Australia's first orbital launch scrubbed because the rocket's nose fell off

Back in March, as the first quarter of the year was coming to a close, I did an article on launches that were possibly coming before the start of April.  I had seen mention of a rocket called Eris from an Australian company called Gilmour. 

An interesting one that I know absolutely nothing about is from Australia.  A company called Gilmour is launching their Eris rocket's TestFlight1, "NET March 2025" from an Orbital Spaceport in Australia.

As the weeks went by, I loosely kept checking in to see if a date had been announced.  It ended up being quite a bit later than March - this week.  Instead, the nose cone fell off the rocket hours before it was supposed to leave the launch pad Thursday.  

Gilmour, the Australian startup that developed the Eris rocket, announced the setback in a post to the company's social media accounts Thursday.

"During final launch preparations last night, an electrical fault triggered the system that opens the rocket’s nose cone (the payload fairing)," Gilmour posted on LinkedIn. "This happened before any fuel was loaded into the vehicle. Most importantly, no one was injured, and early checks show no damage to the rocket or the launch pad."

Gilmour was gearing up for a launch attempt from a privately owned spaceport in the Australian state of Queensland early Friday, local time (Thursday in the United States). The company's Eris rocket, which was poised for its first test flight, stands about 82 feet (25 meters) tall with its payload fairing intact. It's designed to haul a payload of about 670 pounds (305 kilograms) to low-Earth orbit.

It's unusual not because missions never get ruined by a malfunctioning payload fairing; it's that the malfunction tends to be the other way - not opening when desired or not opening properly.  

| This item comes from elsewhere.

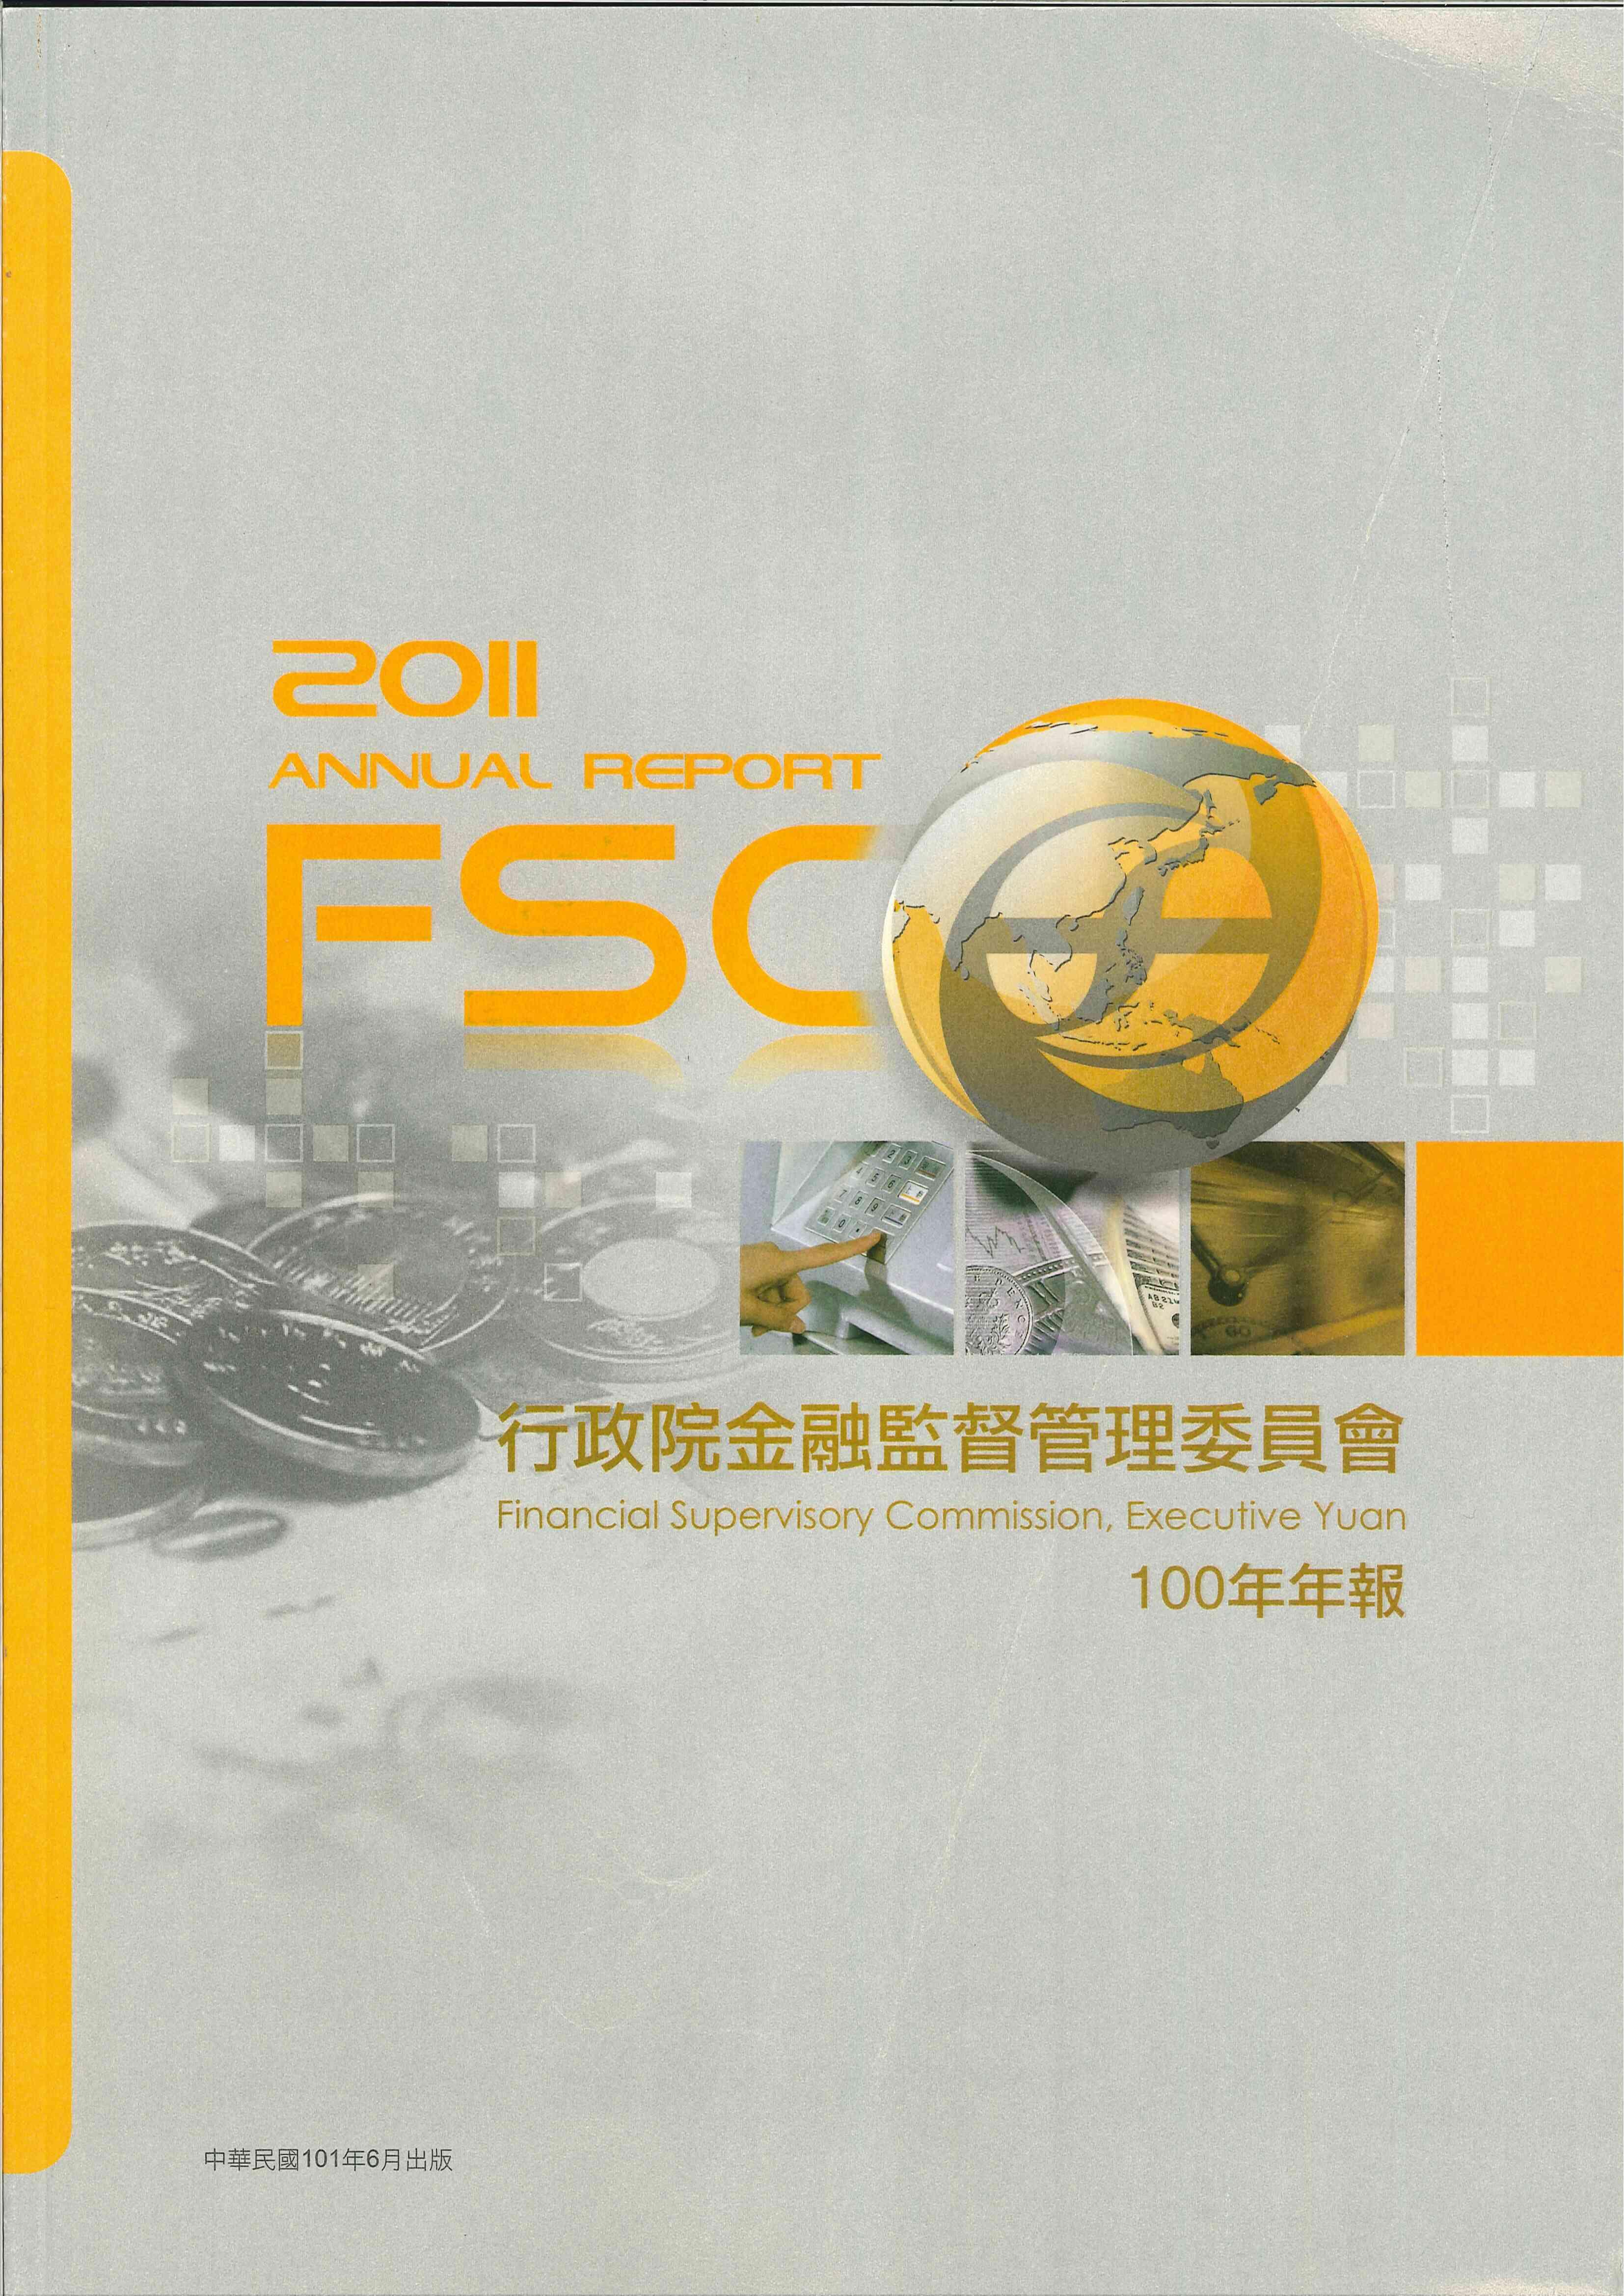 投資臺灣招商說明大會:活動實錄=Investment promotion meetings in Taiwan

As regularly happens, Gilmour had set low expectations for the mission, "the test data we get is the goal of the mission" as they often say.  While the rocket has everything needed to fly to low-Earth orbit, officials said they were looking for just 10 to 20 seconds of stable flight on the first launch, enough to gather data about the performance of the rocket and its unconventional hybrid propulsion system.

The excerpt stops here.